Leave out the pictures, and copy exactly the lines from the line with "Ristorante, marina, porto" through the last line of the data below.

Information supplied:
=====
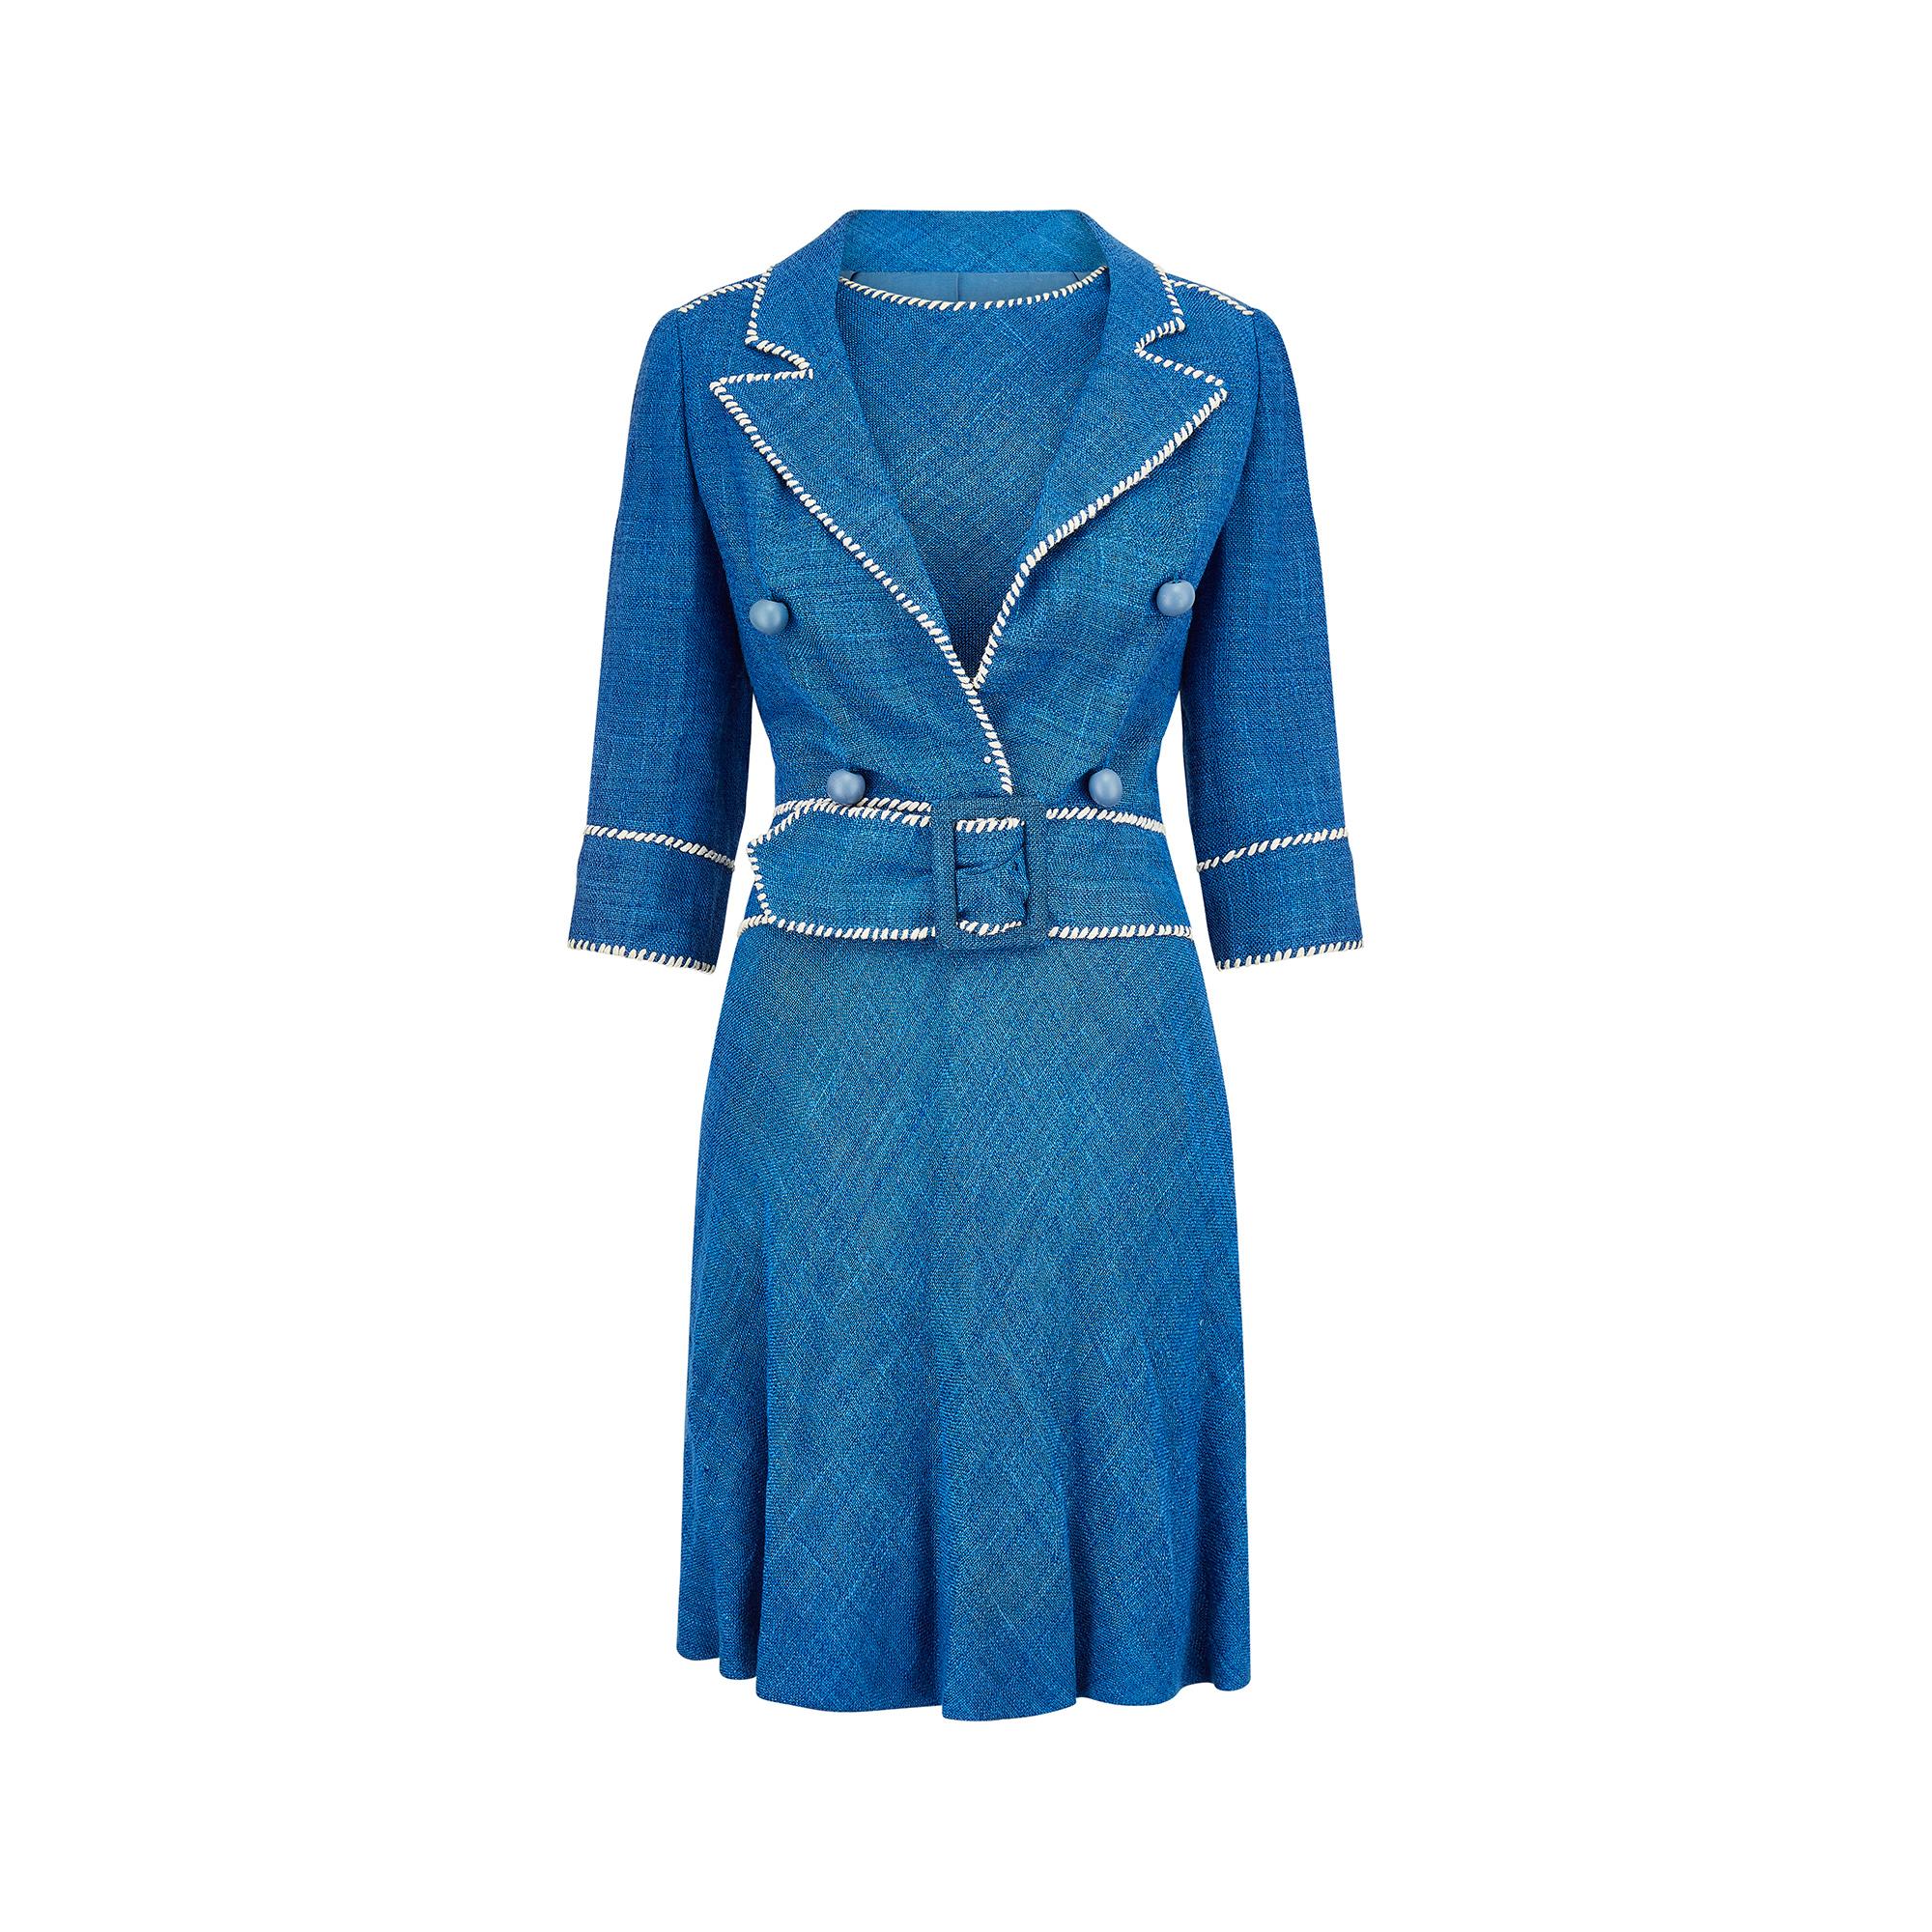 Costume français haute couture Jacques Esterel du milieu des années 1950.  Un mélange de soie et de lin bleu français texturé et ample, avec une surpiqûre blanche frappante qui met en valeur l'encolure, les emmanchures de la robe, la taille et les
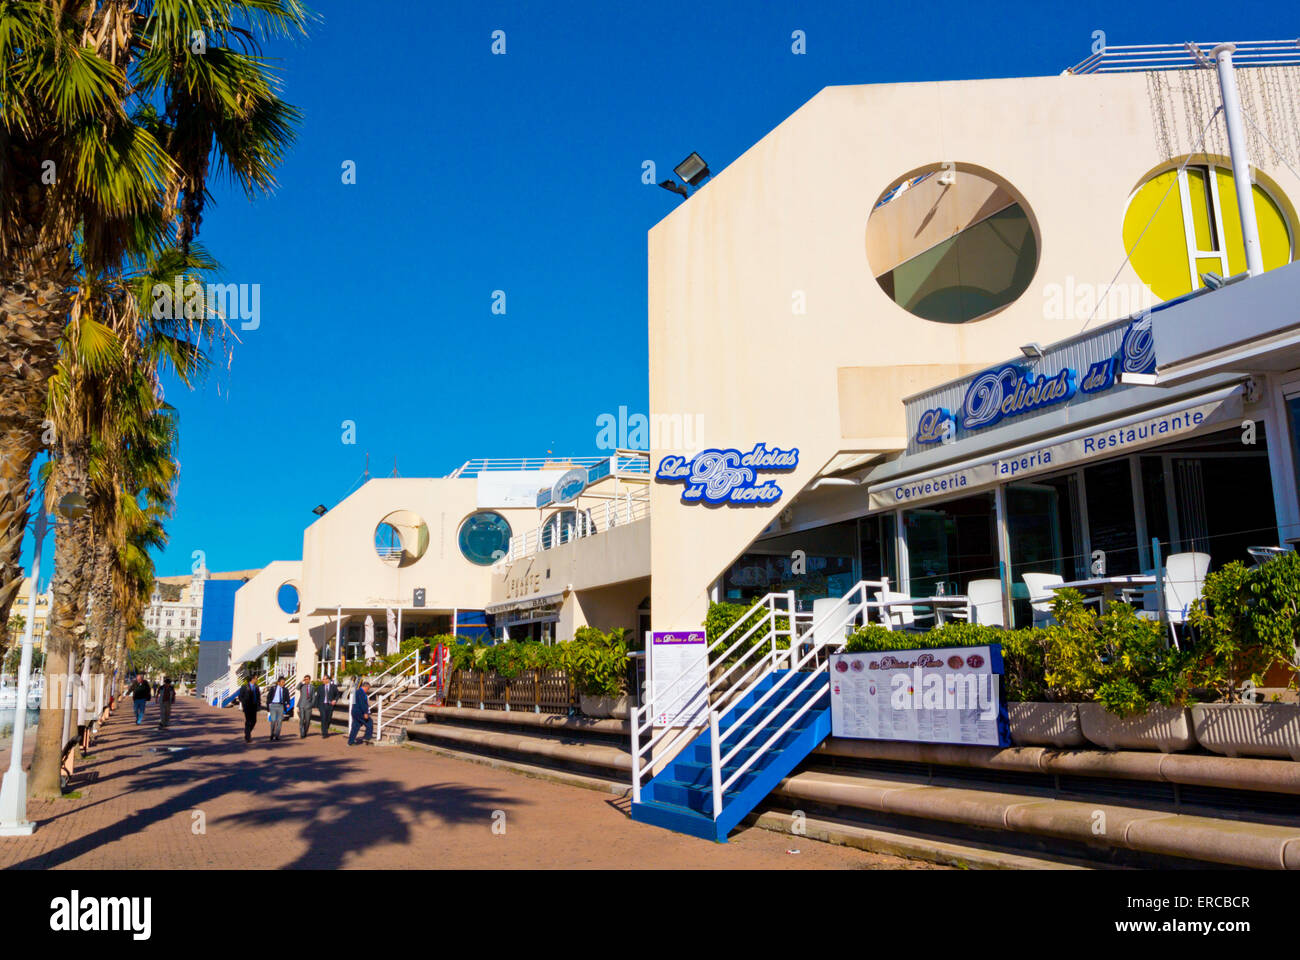 Ristorante, marina, porto per yacht, Alicante, Alacant, Costa Blanca, Spagna Foto Stock
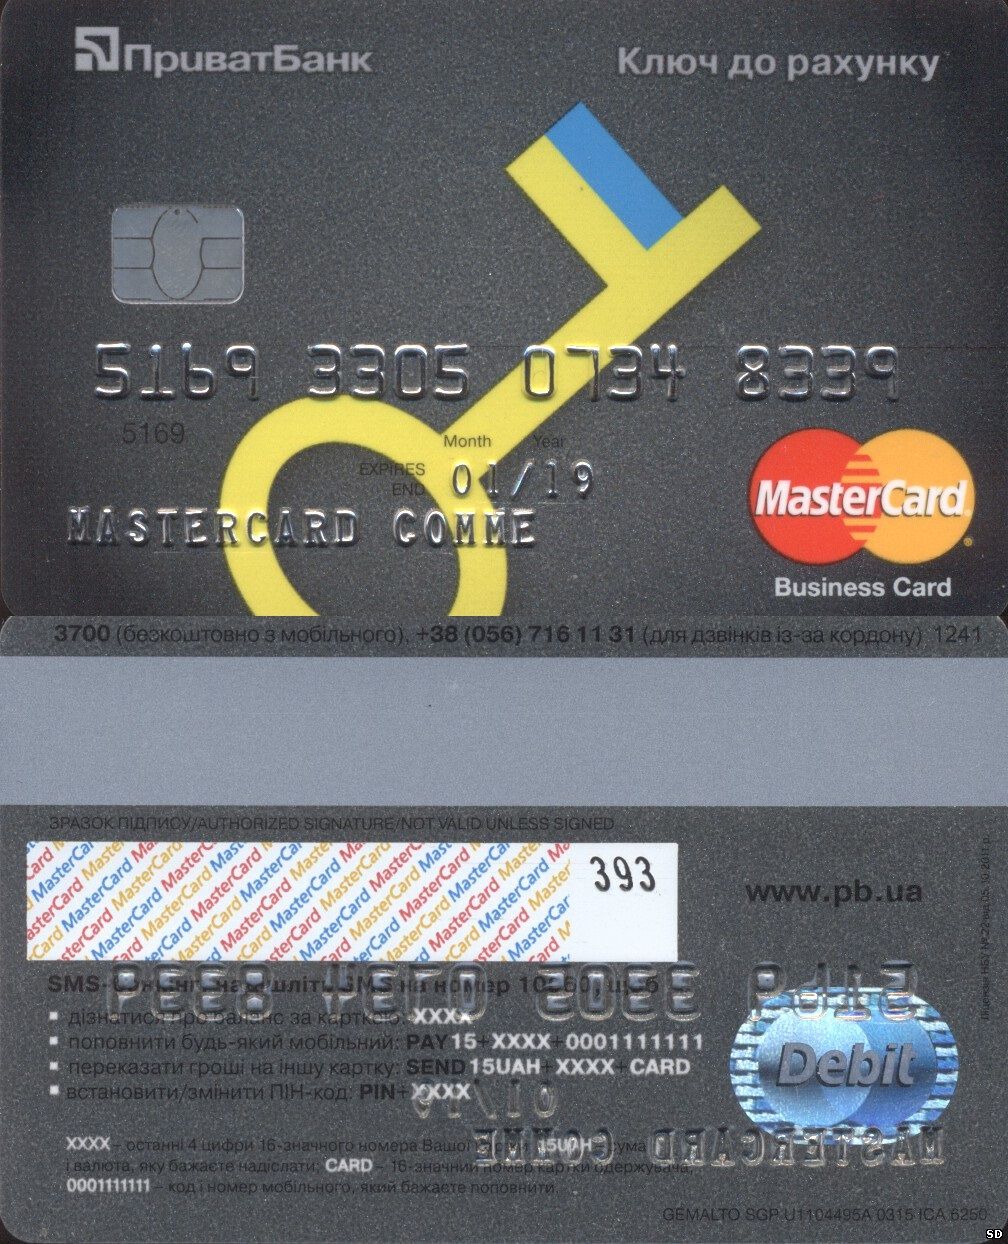 Схемы мошенничества с пластиковыми картами: при переводе денег на карту, через мобильный банк
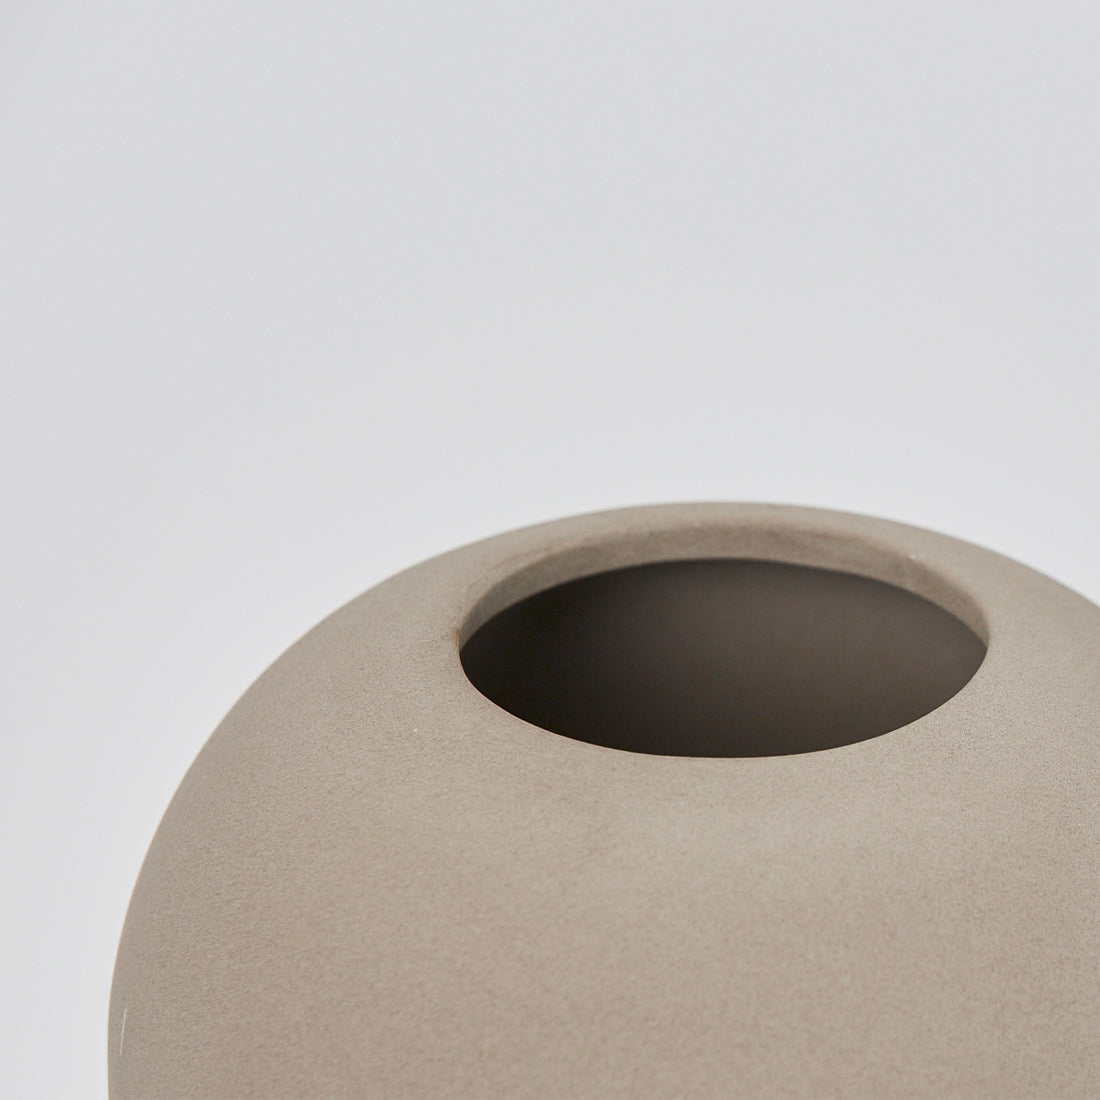 Detaljer af den unikke Dome medium vase fra Kristina Dam studio
=====
Response:
 Ristorante, marina, porto per yacht, Alicante, Alacant, Costa Blanca, Spagna Foto Stock
 Схемы мошенничества с пластиковыми картами: при переводе денег на карту, через мобильный банк
 Detaljer af den unikke Dome medium vase fra Kristina Dam studio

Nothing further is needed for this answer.